*** Block opens ***
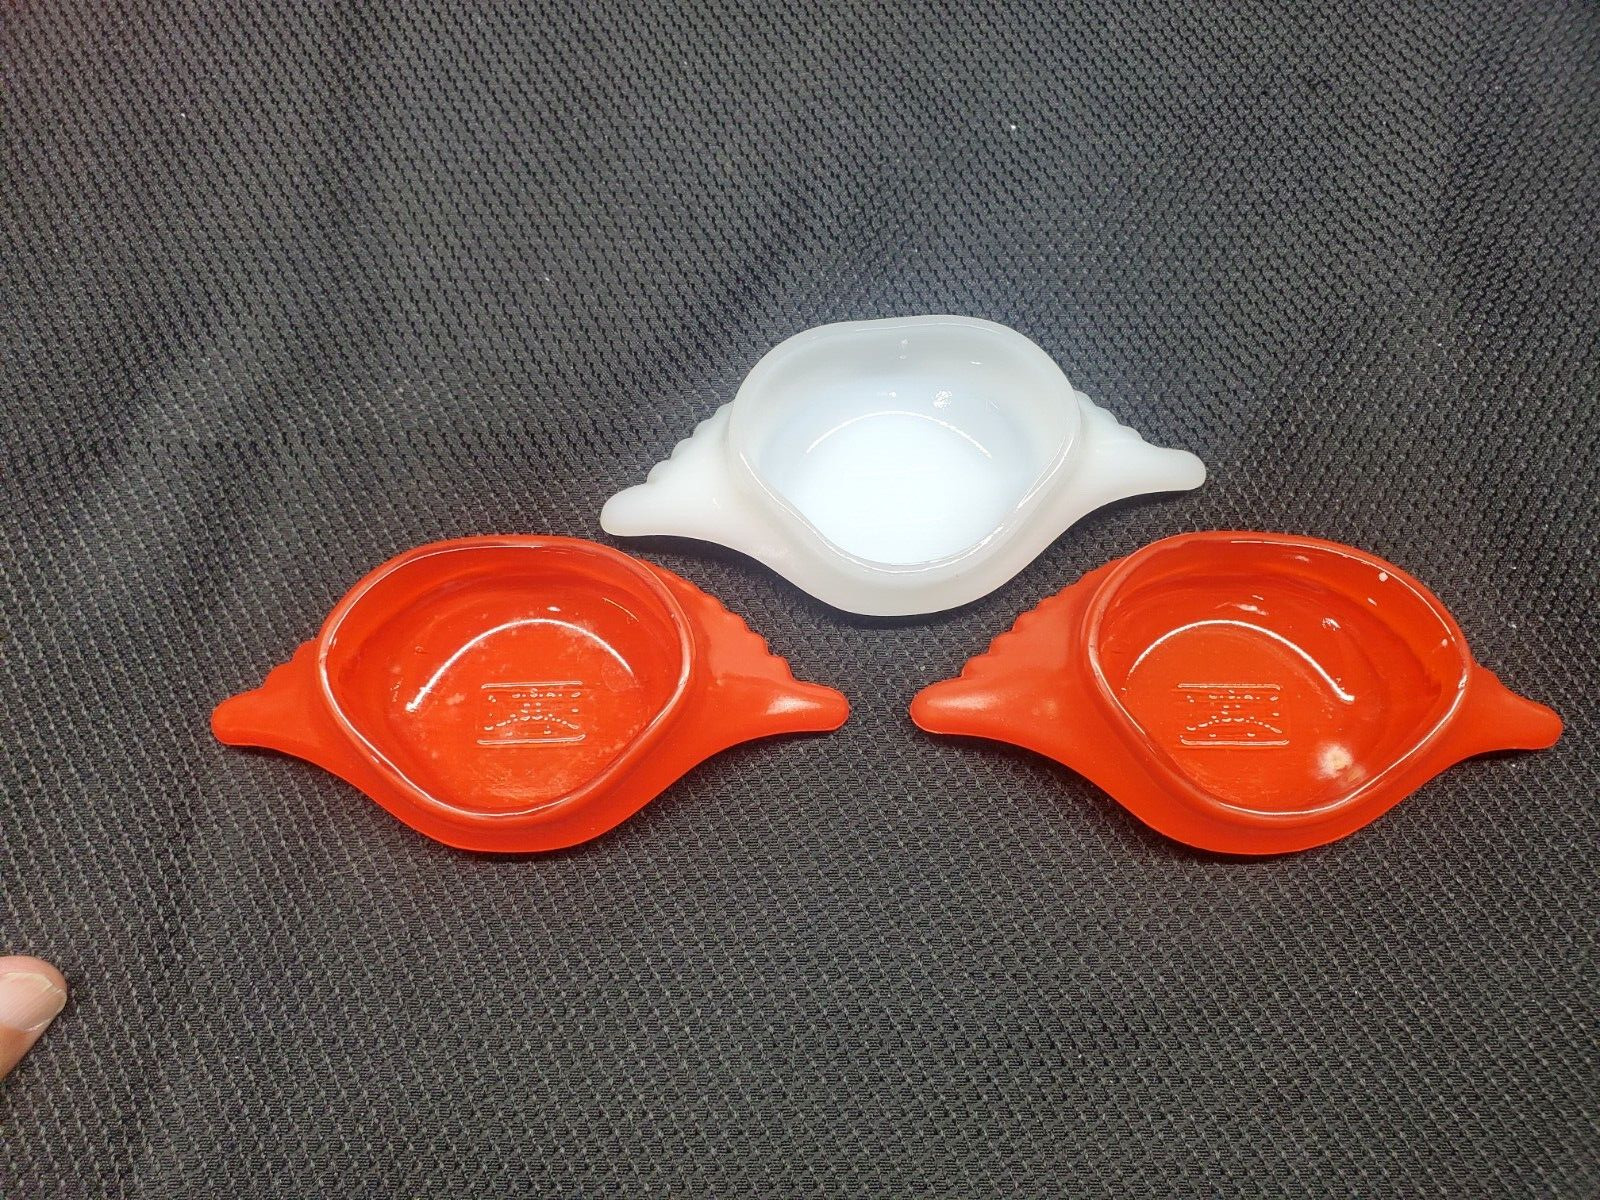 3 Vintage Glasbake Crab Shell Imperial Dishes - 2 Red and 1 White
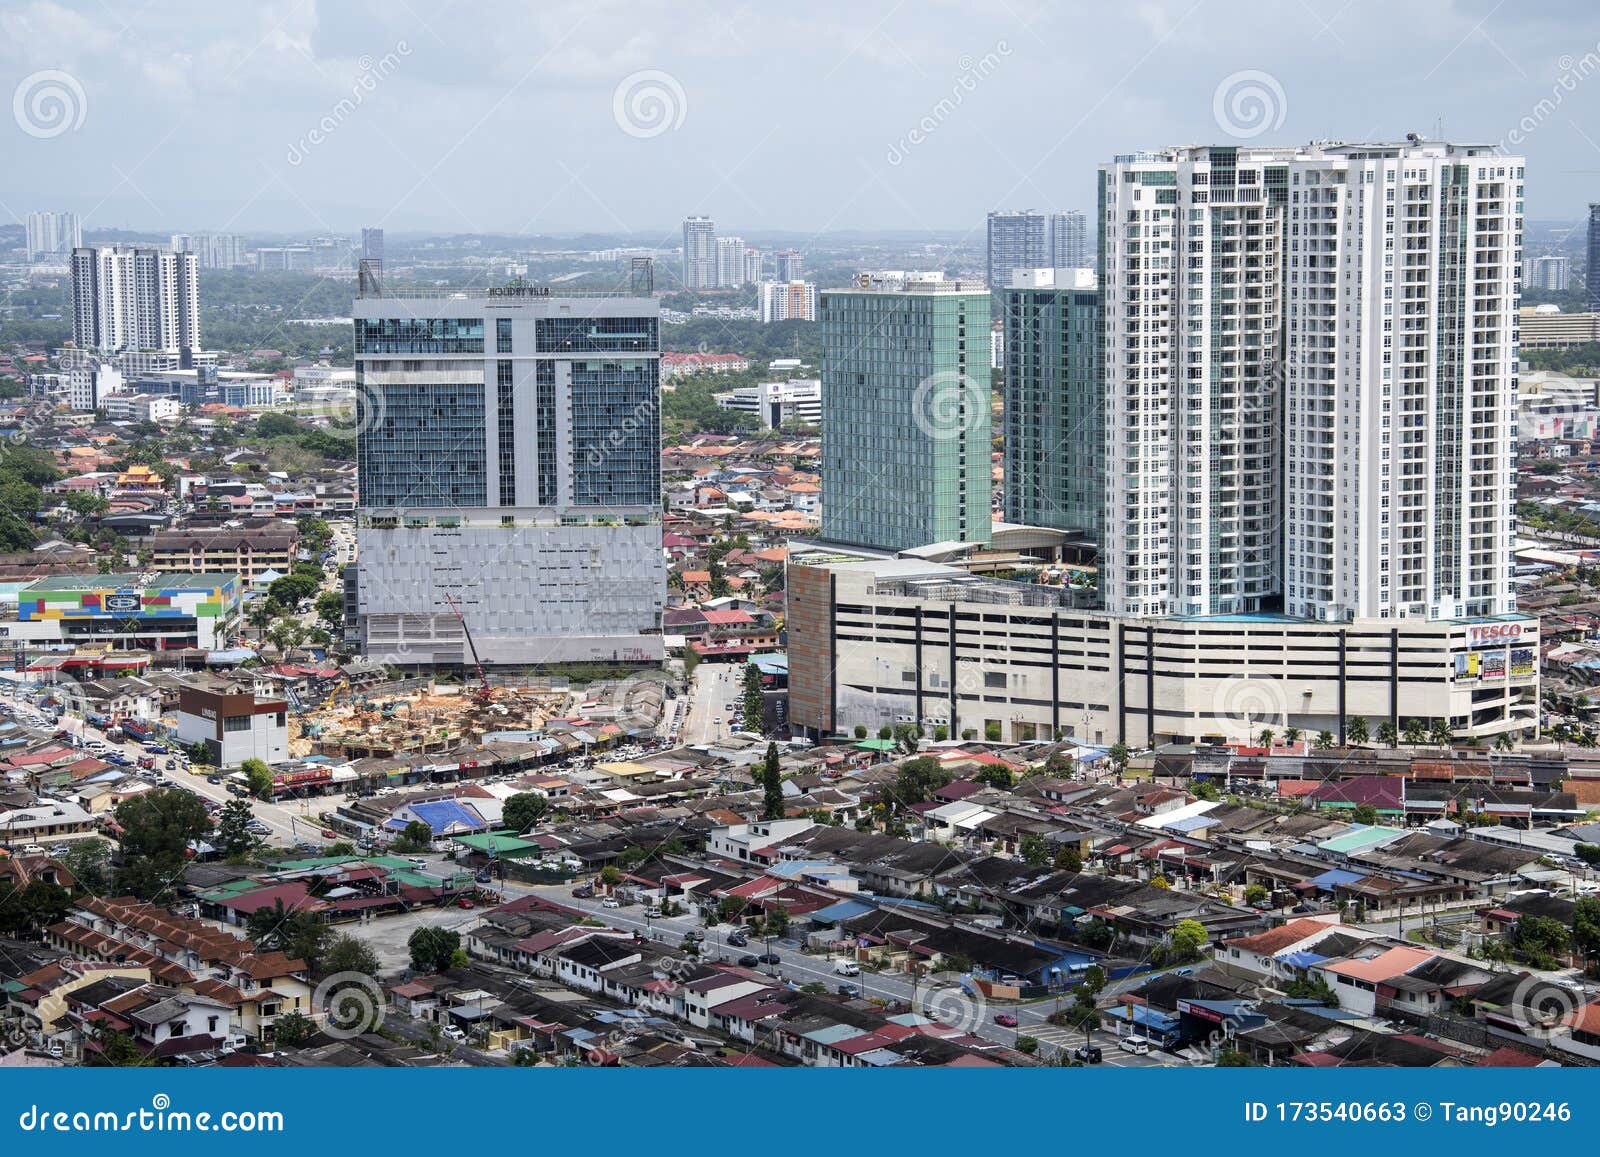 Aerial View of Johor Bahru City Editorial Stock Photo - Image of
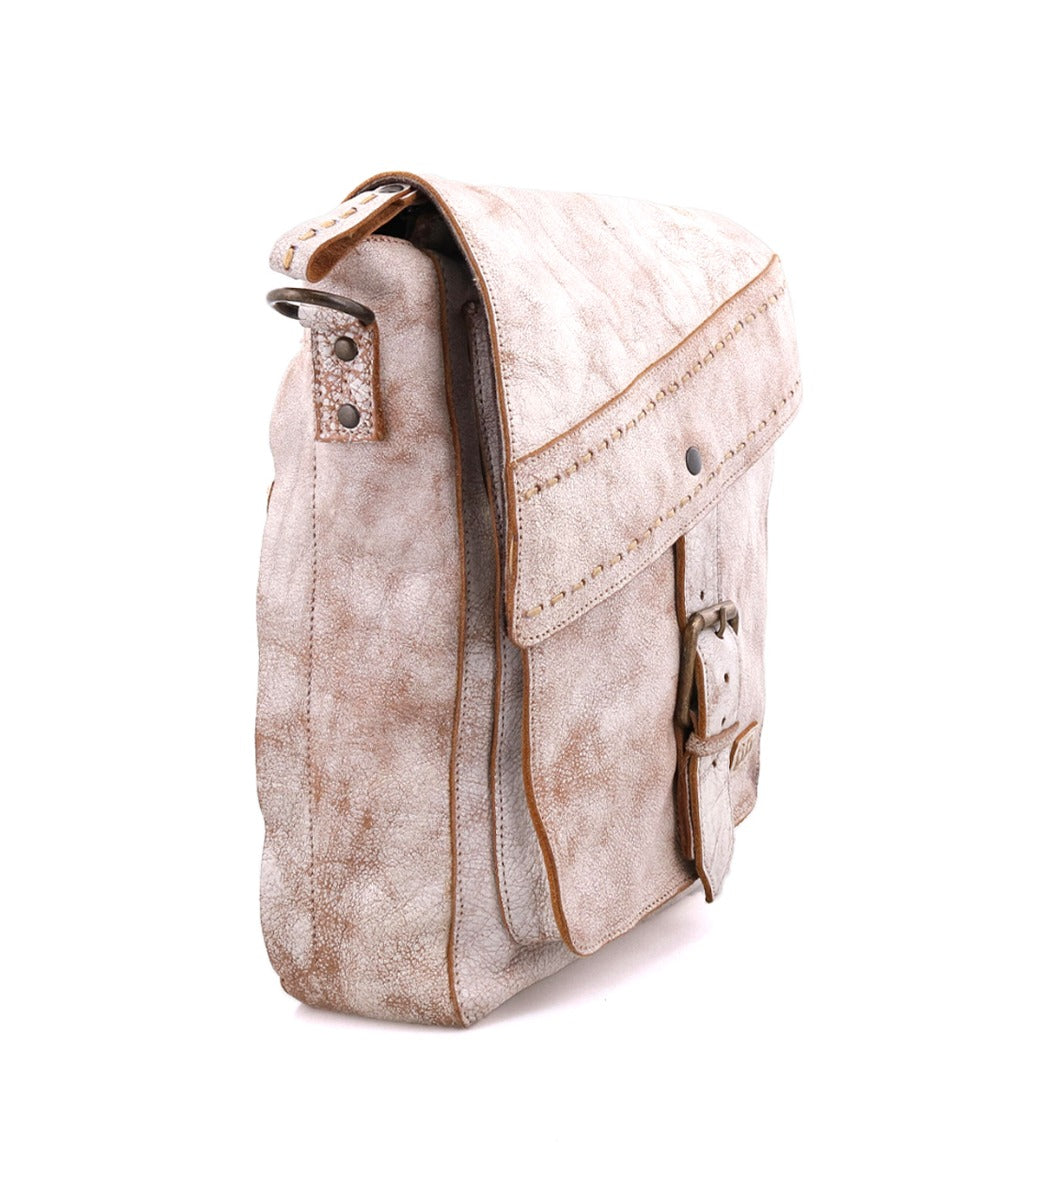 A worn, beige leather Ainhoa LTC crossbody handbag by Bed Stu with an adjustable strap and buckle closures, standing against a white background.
*** Block closes ***
Output all of the listing above, exactly as given, but without its pictures.

 3 Vintage Glasbake Crab Shell Imperial Dishes - 2 Red and 1 White
 Aerial View of Johor Bahru City Editorial Stock Photo - Image of
 A worn, beige leather Ainhoa LTC crossbody handbag by Bed Stu with an adjustable strap and buckle closures, standing against a white background.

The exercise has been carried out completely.